他的手上,五枚铜钱静静躺在那里,边缘磨损得光滑,钱文却异常清晰——不是市面上流通的任何一种,正面刻北斗,背面刻山河。
他离开时顺走的。
李临安知道吗?或许知道,或许不在意。
死囚临刑前顺走几枚陪葬的铜钱,又有什么关系?
徐舜哲握紧铜钱,金属边缘硌进掌心的皮肉里,带来细微的痛感。
很好。痛感还能证明他暂时没被格式化。
他转身走出巷子,踏入主街。
夜色已深,街上行人稀落。路灯投下昏黄的光圈,将他的影子拉长又缩短。
额头的血痂开始发痒,那是伤口在愈合——奥法斯之脐的馈赠还在起作用,至少这具身体的自愈能力远超常人。
他需要适应。
需要把这双过于锐利的眼睛,变成武器而不是负担。
第一个目标:欧阳千雪。
李临安提过这个名字。
在徐家那场阴谋结束后,这个欧阳家的年轻一辈曾与李临安有过交集——更重要的是,她的能力是空间传送。
徐舜哲需要移动手段。
系统通缉令是全域的,意味着任何地方都可能突然冒出追杀者。
他不能在一个地点停留太久,更不能依赖常规的交通方式。
空间传送。精确、快速、难以追踪。
他停在十字路口,闭上右眼,只用左眼“看”向城市深处。
“知晓世界”开始检索。
无数信息碎片涌来:欧阳家的产业分布、家族成员的社会关系、近期的公开活动记录......但这些都太表层。徐舜哲要的不是这些。
他要的是“痕迹”。
任何超凡能力的使用,都会在信息层面留下烙印。
就像手指划过灰尘会留下指纹,空间传送这种高能级操作,产生的“信息扰流”会更加明显。
徐舜哲将感知收束,聚焦在“空间异常”这个特征上。
视野变了。
整座城市化作一张巨大的、半透明的网格图。绝大多数网格都是稳定的灰白色,代表正常的空间结构。

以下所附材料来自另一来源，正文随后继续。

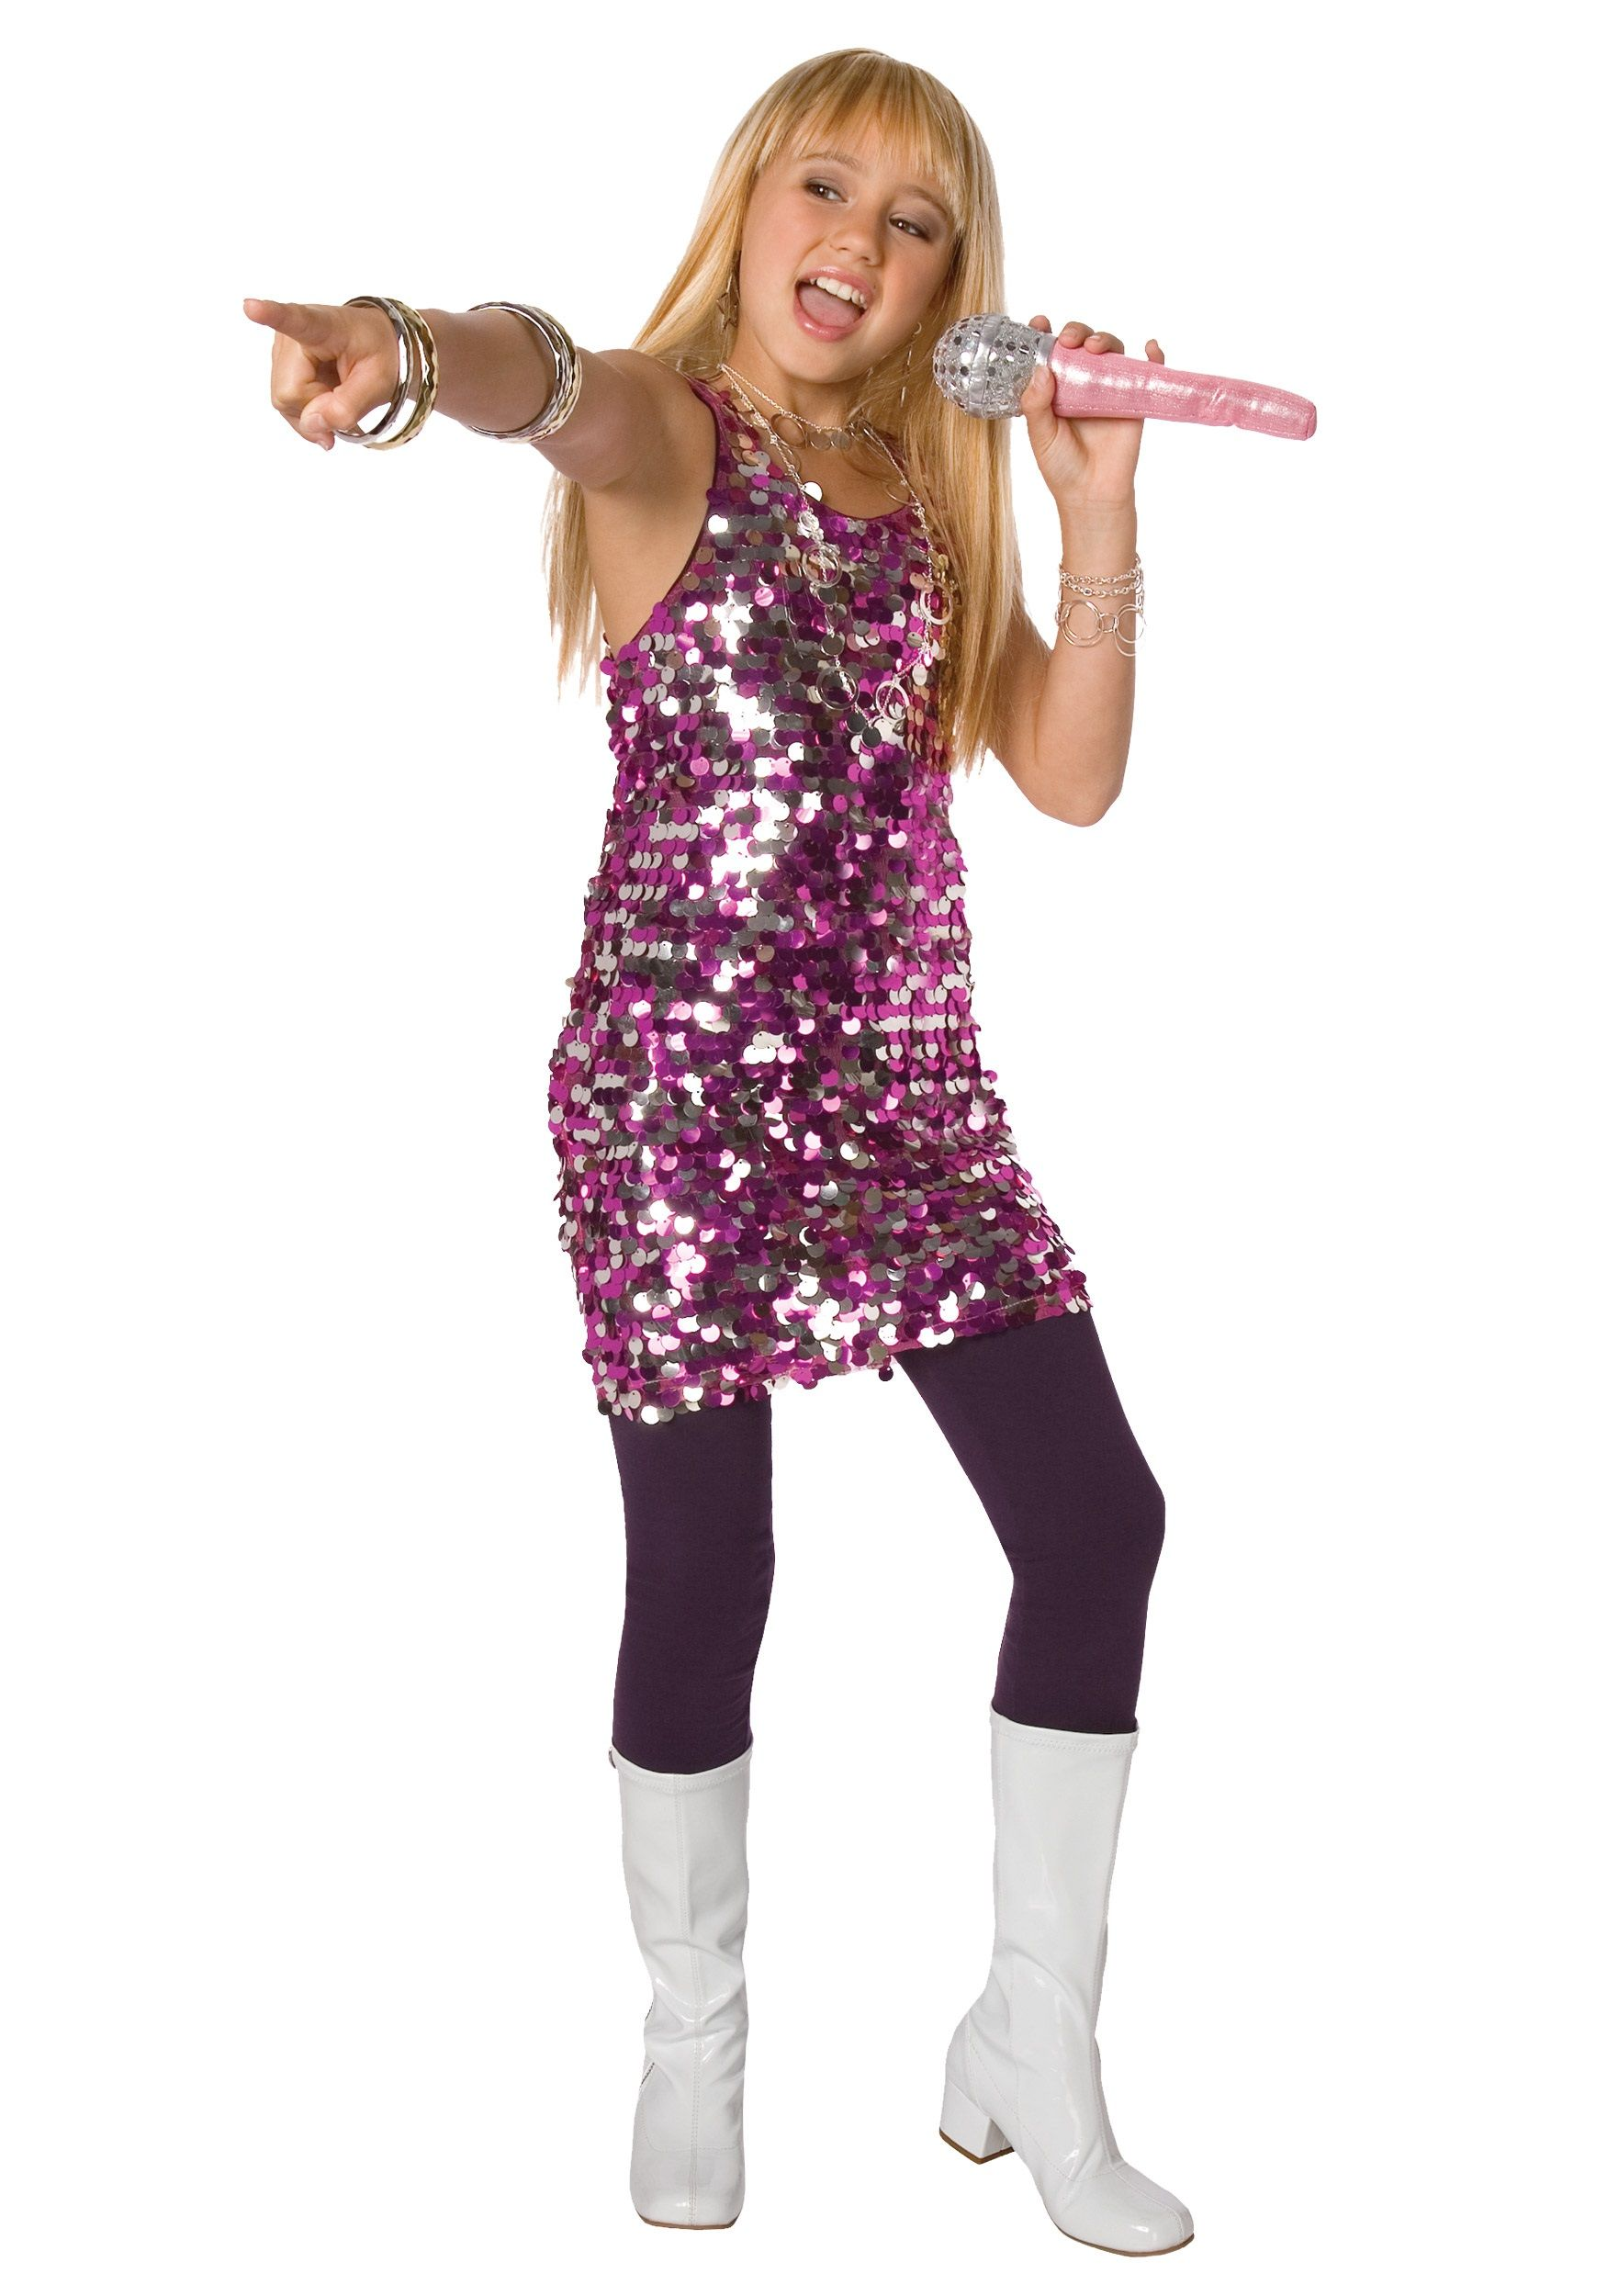 7c1ce612 Girls Sequin Diva Dress Costume   costume dress in 2019   Halloween ...

但在几个特定位置,网格出现了扭曲、折叠、甚至断裂的痕迹。
那些痕迹很淡,像水面的涟漪,正随着时间推移慢慢平复。但在“知晓”的视角下,它们清晰得刺眼。
徐舜哲锁定其中一道痕迹。
它位于城西的高档别墅区,距离这里大约八公里。
痕迹还很新鲜,残留的信息显示,它是在七小时前产生的——一次短距离、高精度的空间跳跃,能量控制得相当精细,跳跃距离不超过五百米。
是练习?还是日常的使用习惯?
不重要。重要的是,这道痕迹指向的位置,是欧阳家的主宅。
徐舜哲睁开右眼。
夜色中,他的表情没有任何变化,只有左眼深处那抹金色光晕,无声地流转了一下。
他没有叫车,也没有用任何交通工具。就沿着街道走,一步一步,很慢,但每一步都踩得很实。
城市在他身后倒退。
霓虹灯,车流,行人,店铺。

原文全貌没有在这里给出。